Yes, it looks like Falls Church residents will be provided a very small bit of tax relief with the budget that should be approved next Monday night. A half penny on the real estate tax rate will offer about $50 of relief in a year when assessments are still booming, meaning the average residential taxpayer is still going to be hit with tax bills hundreds higher next fiscal year (the first bill due in December). Overall, though, it must be noted the City’s tax rate has been dropped from $1.355 per $100 of assessed valuation to $1.18 in recent years, even while a new state of the art high school was built and major improvements made to City Hall, the Mary Riley Styles Public Library and other City schools.
But in this season’s budget deliberation process, it was noted repeatedly that things will get tougher next cycle as issues of debt and pressing maintenance matters come to the fore.
It is in the context of this that the City government is getting ready to be mired in another great issue, the prospect for redevelopment of the Virginia Village site of 4.5 acres on S. Maple into a major source of new affordable housing. Both sides, the pro-development and the “Not in My Backyard” folks, are set to do another great battle. Just what we don’t need!
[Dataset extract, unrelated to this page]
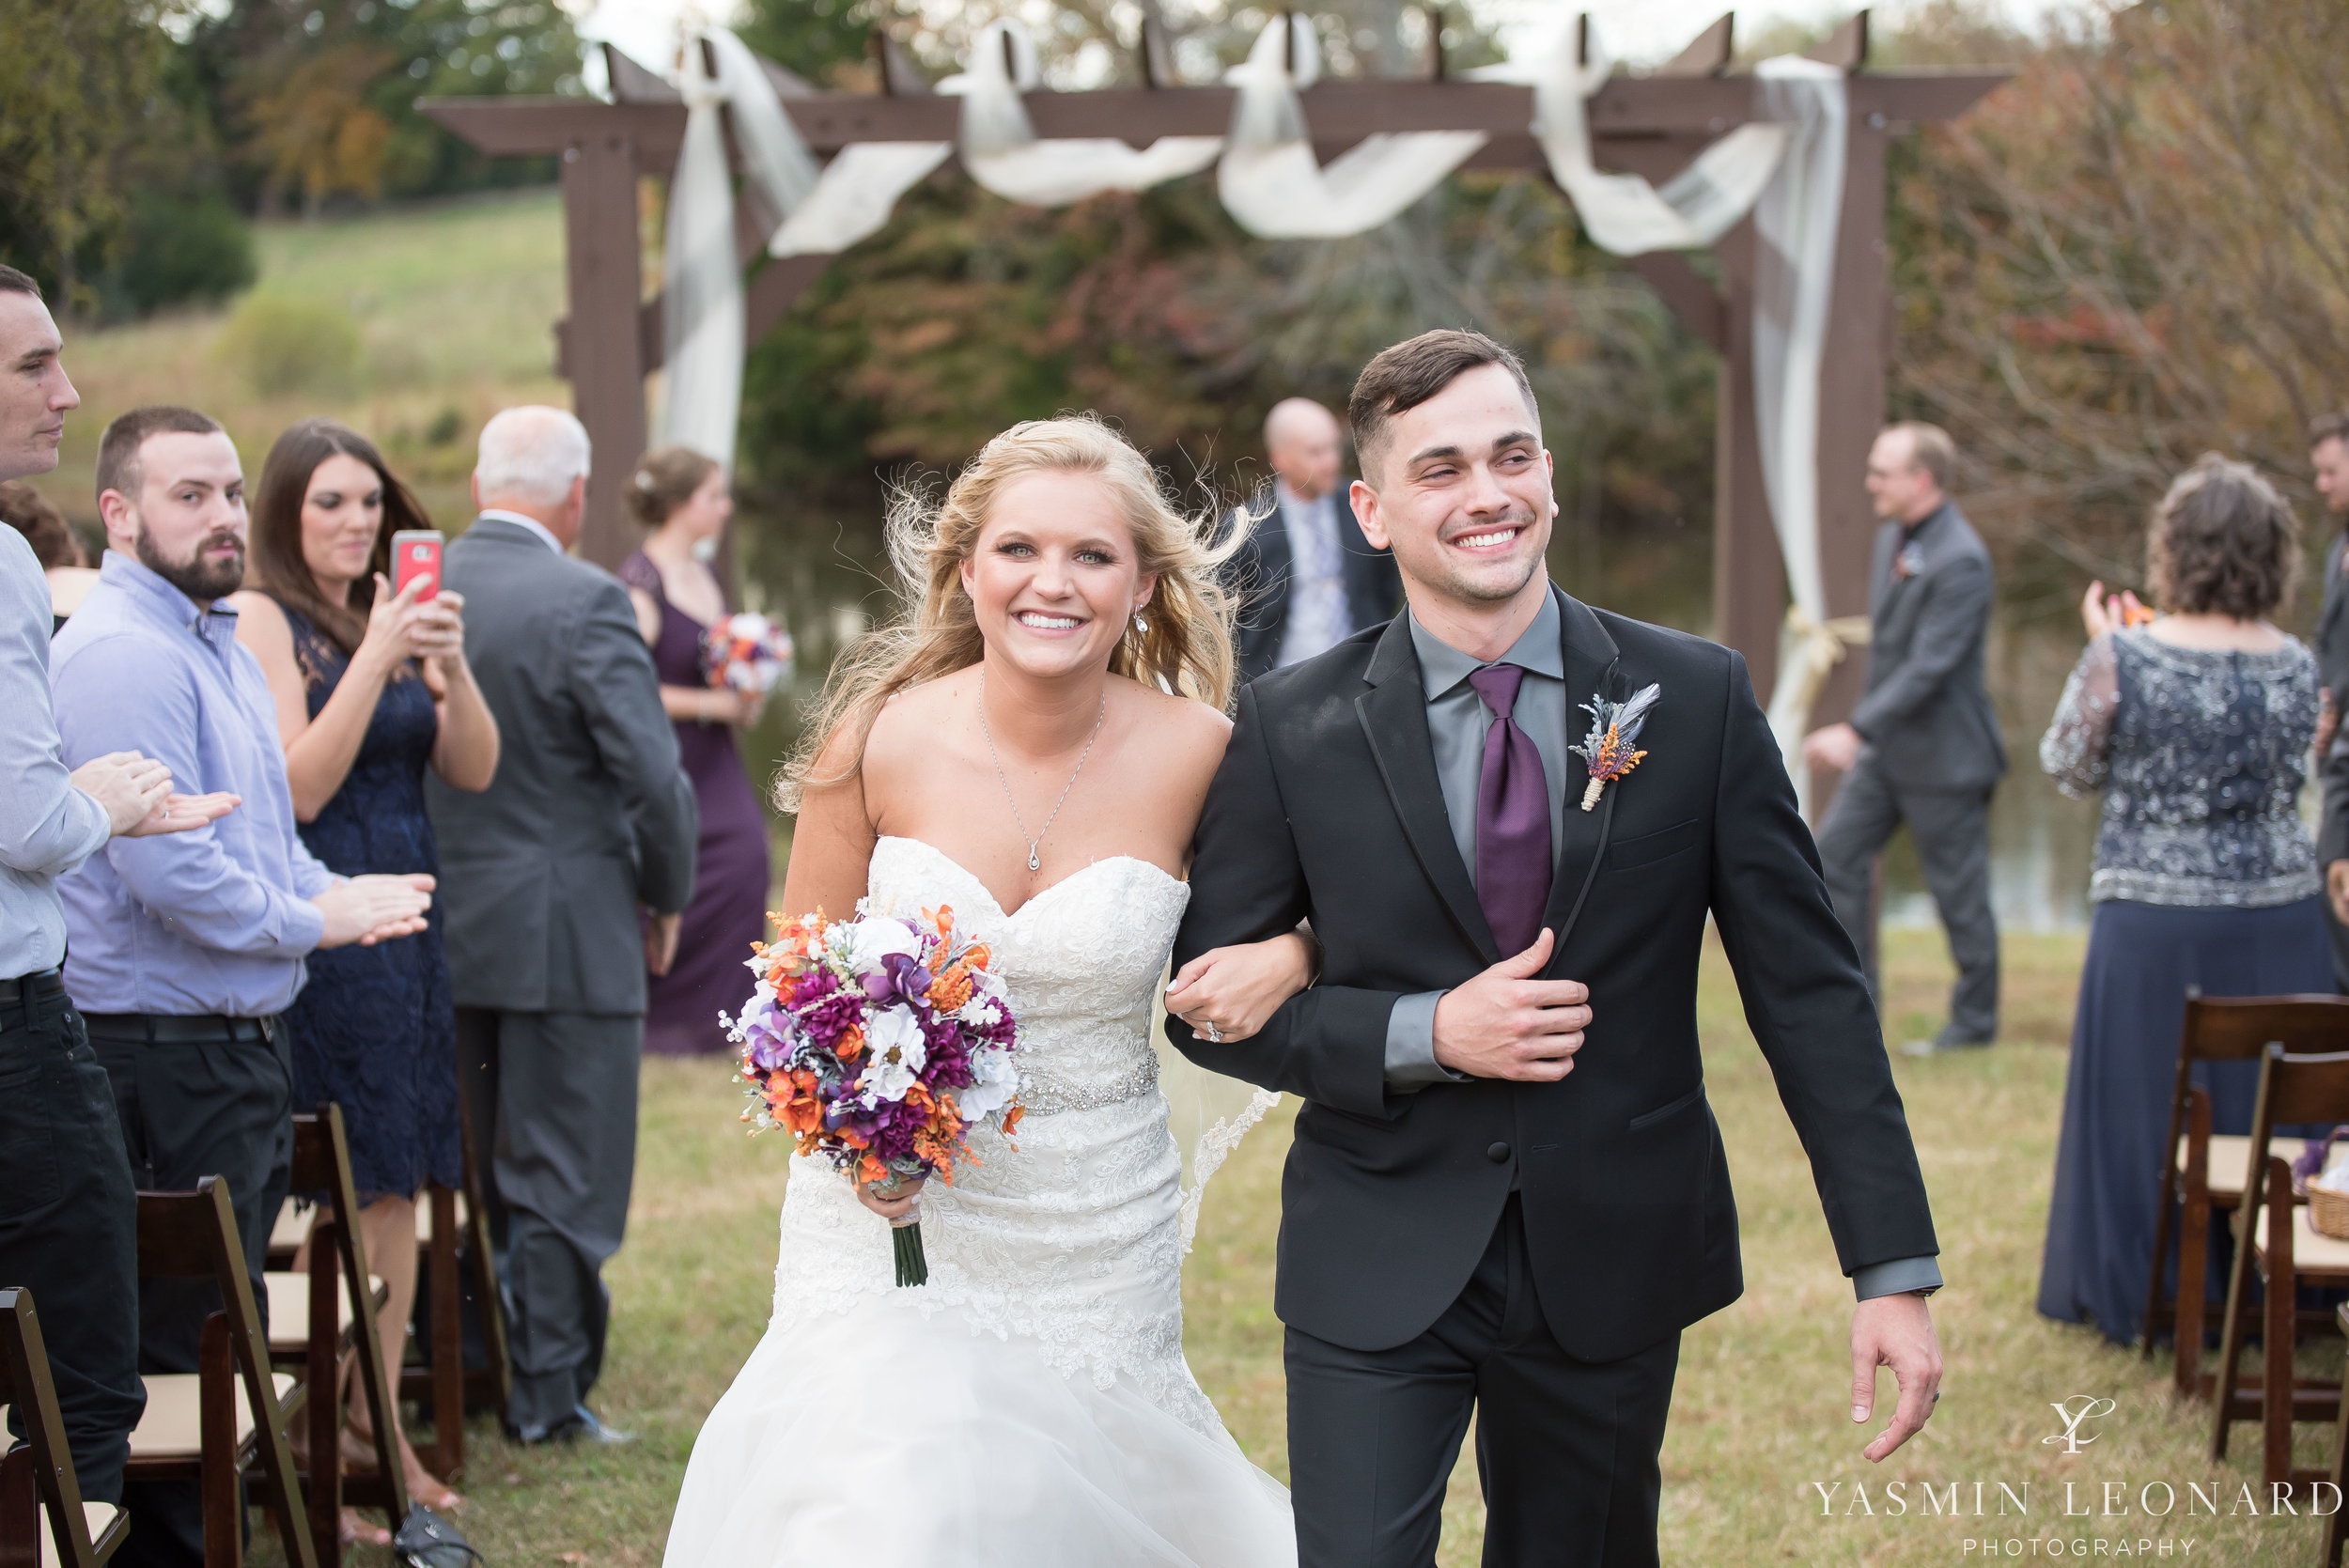 NC Wedding Photographer - Yasmin Leonard Photography - Summerfield Farms - High Point Wedding Photographer - Labri at Linwood - Barns in North Carolina - NC Barn Wedding-33.jpg

The developed majority on the City Council has been aching to do something meaningful to build new affordable housing in recent years. But there is little doubt that NIMBYism is alive and well here, and the result will be a tortured process that may take years. The last time something like this was seriously tried, it took the better part of a decade, and a whittling down of the size of such an effort to barely more than 50 units.
We say now that it would be fruitless to proceed with the current process unless at least 300 units would come out of it. That would be fine with us if it could be engineered. That member of the current City government who decides to champion such an effort should have the project named for her, or him. We’d support that idea. Honestly, given the lip service in support of affordable housing that’s come out from almost everyone on the City Council, any one of such folk could qualify, even if it meant a great conversion moment for one of them.
However, we should not ignore, as this process gets underway, that economic pressures on the City ought to be compelling our leaders to subject that 4.5 acres, and the 4 acres in the Gordon’s Road area, to a new evaluation from the standpoint of their highest and best use from a revenue-generating standpoint. Maybe not a casino or a data center, but what else?